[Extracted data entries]
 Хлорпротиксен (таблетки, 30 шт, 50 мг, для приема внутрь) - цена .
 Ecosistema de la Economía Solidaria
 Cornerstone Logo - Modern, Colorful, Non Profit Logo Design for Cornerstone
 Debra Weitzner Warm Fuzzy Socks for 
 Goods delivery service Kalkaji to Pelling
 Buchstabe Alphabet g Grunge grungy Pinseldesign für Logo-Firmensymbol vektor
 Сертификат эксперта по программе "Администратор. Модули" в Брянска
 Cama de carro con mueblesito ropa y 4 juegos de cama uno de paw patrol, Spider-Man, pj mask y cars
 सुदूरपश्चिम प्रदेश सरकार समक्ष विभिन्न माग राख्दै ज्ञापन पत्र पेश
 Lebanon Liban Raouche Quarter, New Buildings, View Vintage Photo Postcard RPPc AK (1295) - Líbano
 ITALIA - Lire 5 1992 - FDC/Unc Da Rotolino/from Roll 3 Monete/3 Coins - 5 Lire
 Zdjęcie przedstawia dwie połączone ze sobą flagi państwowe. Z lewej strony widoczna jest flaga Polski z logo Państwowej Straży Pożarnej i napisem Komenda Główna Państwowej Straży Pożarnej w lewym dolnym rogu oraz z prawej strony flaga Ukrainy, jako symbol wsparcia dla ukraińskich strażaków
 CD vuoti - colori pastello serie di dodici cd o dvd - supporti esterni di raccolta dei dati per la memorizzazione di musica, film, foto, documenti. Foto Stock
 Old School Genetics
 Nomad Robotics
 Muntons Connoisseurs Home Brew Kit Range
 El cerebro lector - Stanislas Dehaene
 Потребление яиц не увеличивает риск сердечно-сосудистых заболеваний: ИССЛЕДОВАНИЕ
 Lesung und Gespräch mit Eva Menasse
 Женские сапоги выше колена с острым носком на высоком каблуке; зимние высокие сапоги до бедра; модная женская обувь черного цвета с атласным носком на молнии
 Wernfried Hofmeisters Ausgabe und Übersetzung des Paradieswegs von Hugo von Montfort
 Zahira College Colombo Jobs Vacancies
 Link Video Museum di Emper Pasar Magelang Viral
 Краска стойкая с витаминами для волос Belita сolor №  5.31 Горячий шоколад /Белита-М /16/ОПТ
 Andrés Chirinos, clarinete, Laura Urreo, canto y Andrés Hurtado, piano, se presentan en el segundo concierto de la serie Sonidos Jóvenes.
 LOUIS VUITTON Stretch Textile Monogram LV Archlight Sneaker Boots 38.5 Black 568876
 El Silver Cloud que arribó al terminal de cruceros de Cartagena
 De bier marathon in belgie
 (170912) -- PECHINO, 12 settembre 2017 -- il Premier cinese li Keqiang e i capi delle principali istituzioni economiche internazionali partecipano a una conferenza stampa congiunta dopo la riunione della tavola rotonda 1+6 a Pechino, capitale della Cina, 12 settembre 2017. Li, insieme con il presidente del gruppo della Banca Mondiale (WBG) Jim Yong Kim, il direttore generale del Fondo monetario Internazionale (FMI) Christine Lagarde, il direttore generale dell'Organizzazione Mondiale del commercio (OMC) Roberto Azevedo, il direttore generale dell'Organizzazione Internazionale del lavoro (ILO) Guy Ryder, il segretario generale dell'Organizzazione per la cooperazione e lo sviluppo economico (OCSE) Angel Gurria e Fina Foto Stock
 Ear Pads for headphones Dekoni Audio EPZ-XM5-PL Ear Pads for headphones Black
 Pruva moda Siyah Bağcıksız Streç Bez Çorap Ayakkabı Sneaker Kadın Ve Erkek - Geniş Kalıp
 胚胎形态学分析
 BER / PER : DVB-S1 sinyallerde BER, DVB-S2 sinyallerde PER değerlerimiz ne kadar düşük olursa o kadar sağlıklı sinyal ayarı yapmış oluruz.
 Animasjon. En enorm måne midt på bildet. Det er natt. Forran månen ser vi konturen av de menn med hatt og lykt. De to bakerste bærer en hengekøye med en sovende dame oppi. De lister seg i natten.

| PROBLEM |
In the entries above, which lines hold the string "Sneaker"? Report all of them.

| TASK RESPONSE |
 LOUIS VUITTON Stretch Textile Monogram LV Archlight Sneaker Boots 38.5 Black 568876
 Pruva moda Siyah Bağcıksız Streç Bez Çorap Ayakkabı Sneaker Kadın Ve Erkek - Geniş Kalıp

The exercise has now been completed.